■ GIVEN INFORMATION:
++++++++
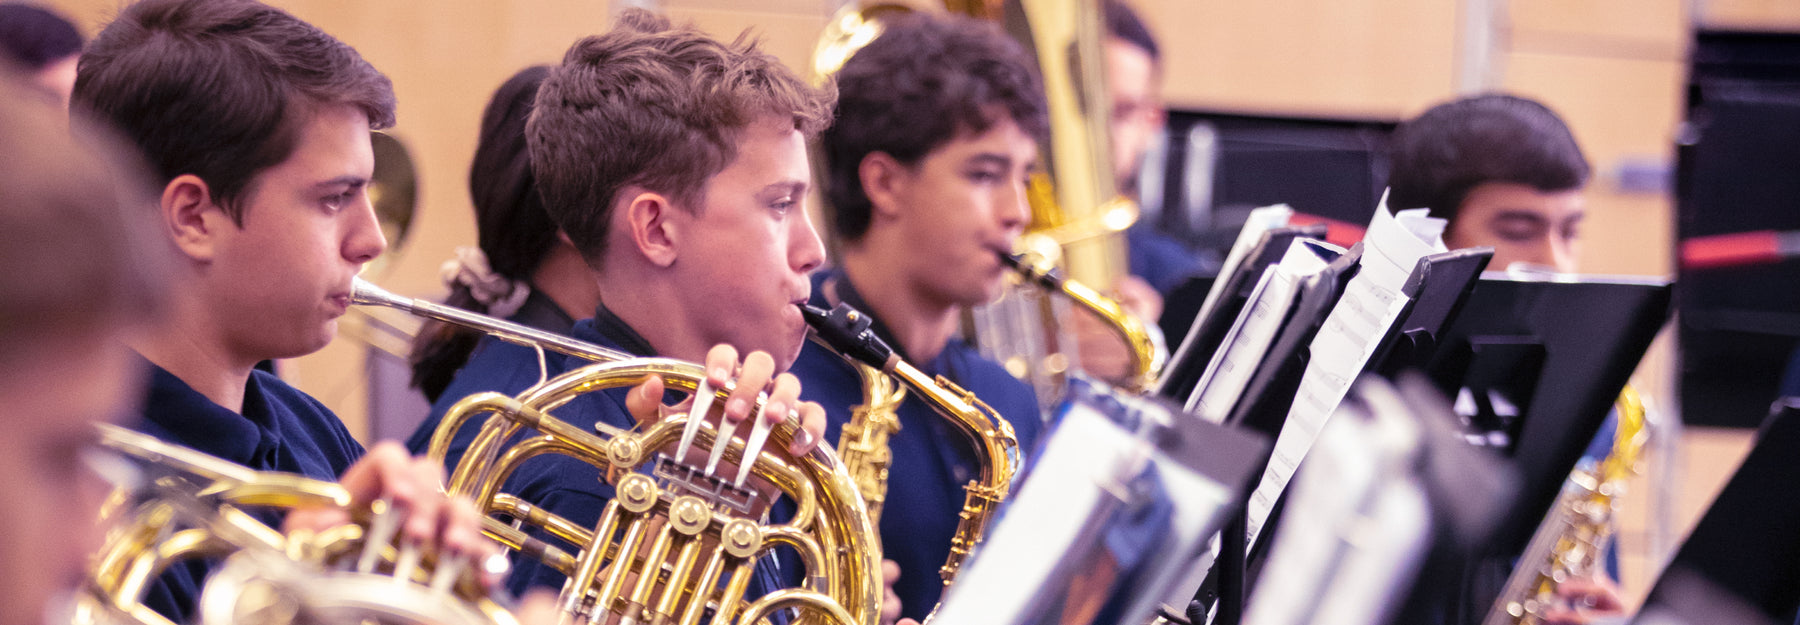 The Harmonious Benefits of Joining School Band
++++++++
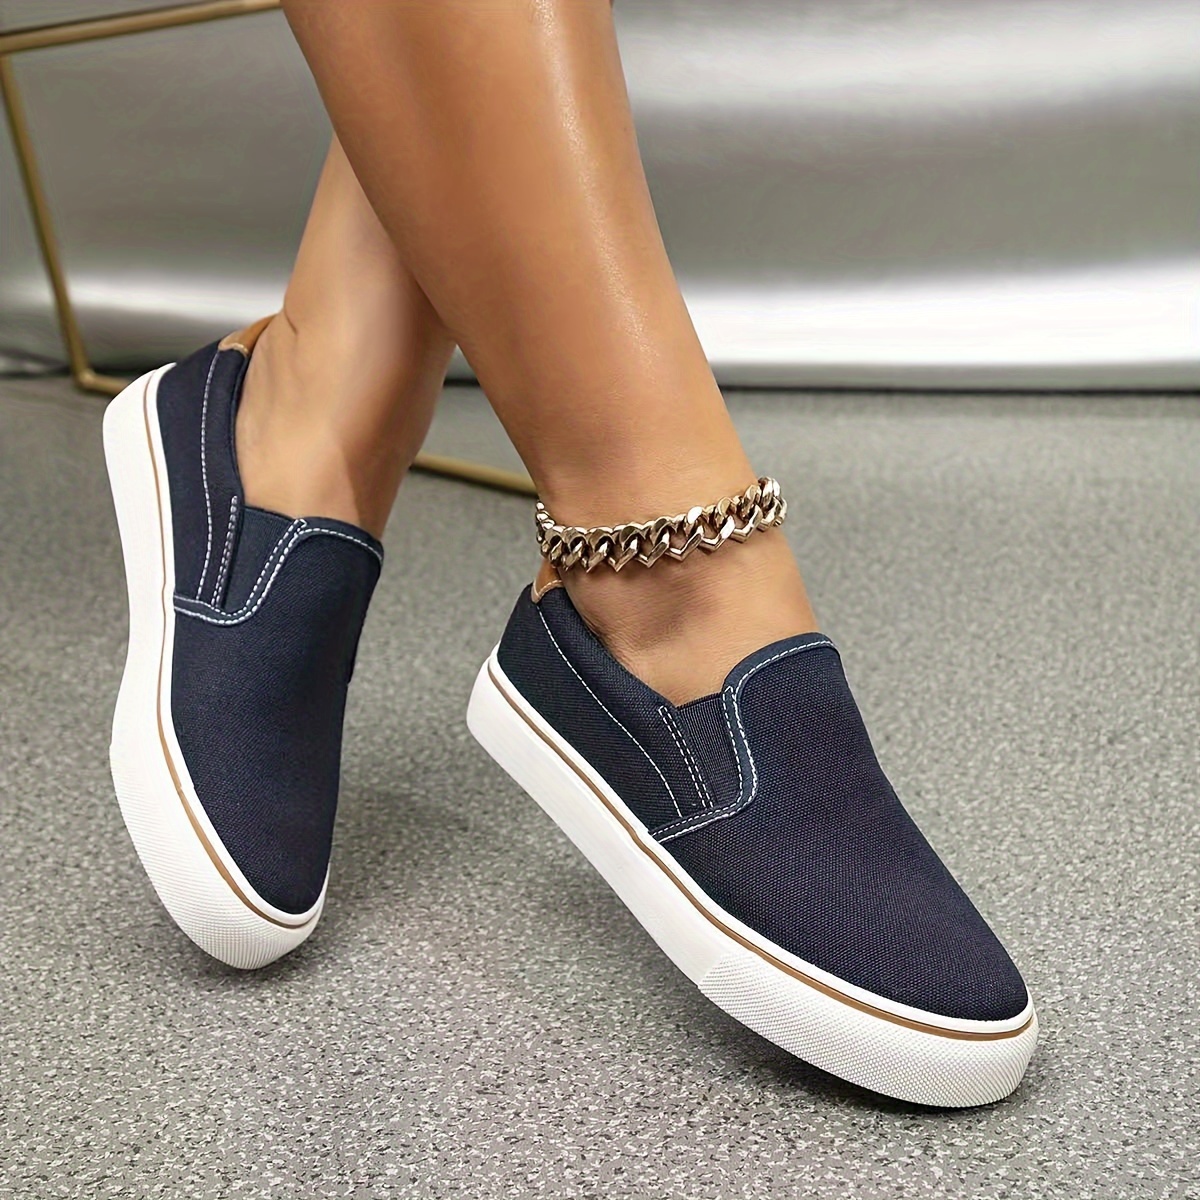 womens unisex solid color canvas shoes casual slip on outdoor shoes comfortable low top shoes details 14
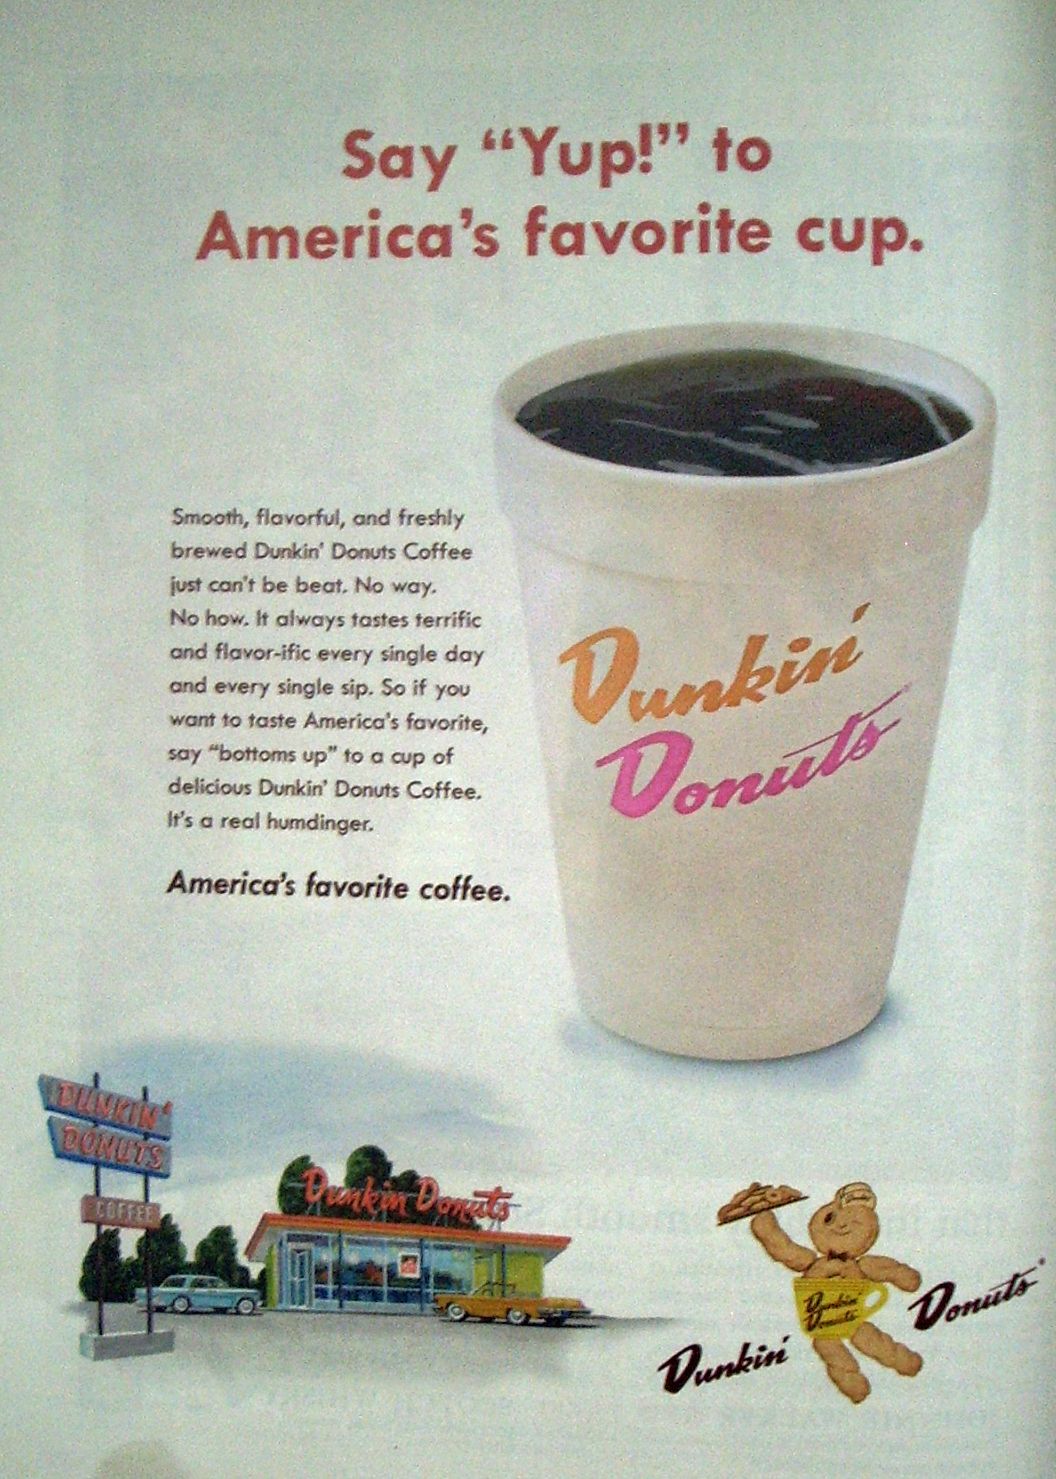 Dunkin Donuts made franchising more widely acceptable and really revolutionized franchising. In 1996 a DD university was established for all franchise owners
++++++++
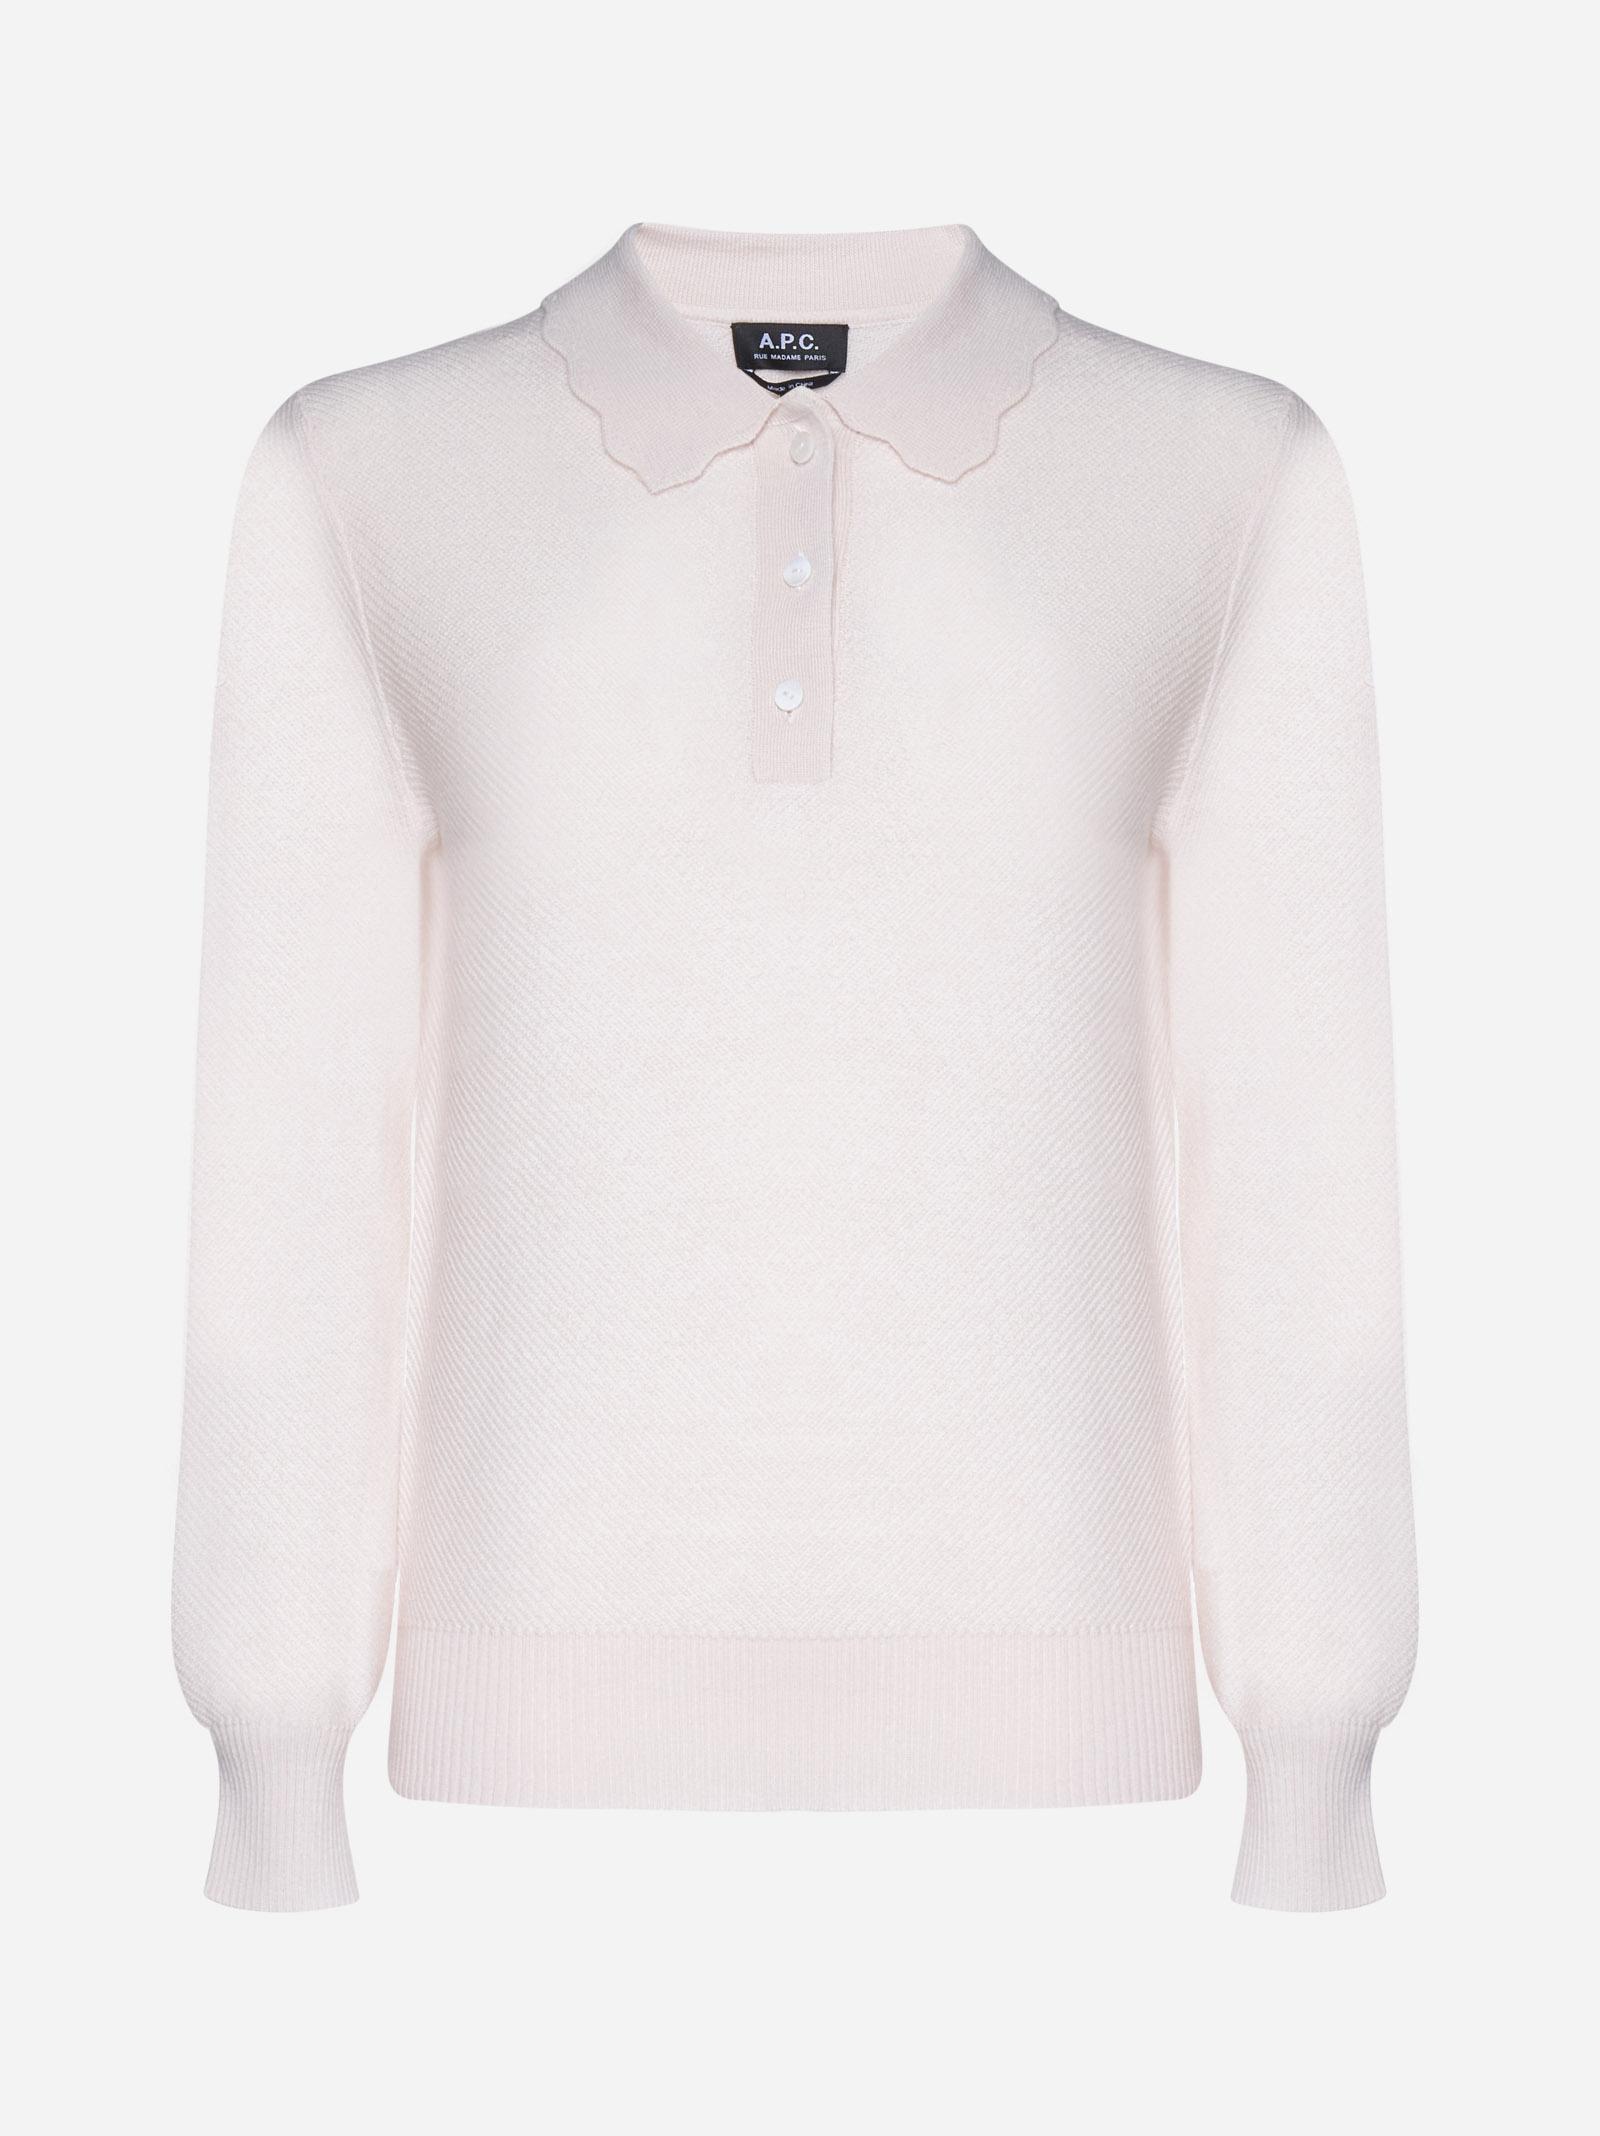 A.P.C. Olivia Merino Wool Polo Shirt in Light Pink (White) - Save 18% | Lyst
++++++++
Copy back exactly the lines above from the one containing "womens unisex solid" through the one containing "Dunkin Donuts made", and leave every picture behind.

 womens unisex solid color canvas shoes casual slip on outdoor shoes comfortable low top shoes details 14
 Dunkin Donuts made franchising more widely acceptable and really revolutionized franchising. In 1996 a DD university was established for all franchise owners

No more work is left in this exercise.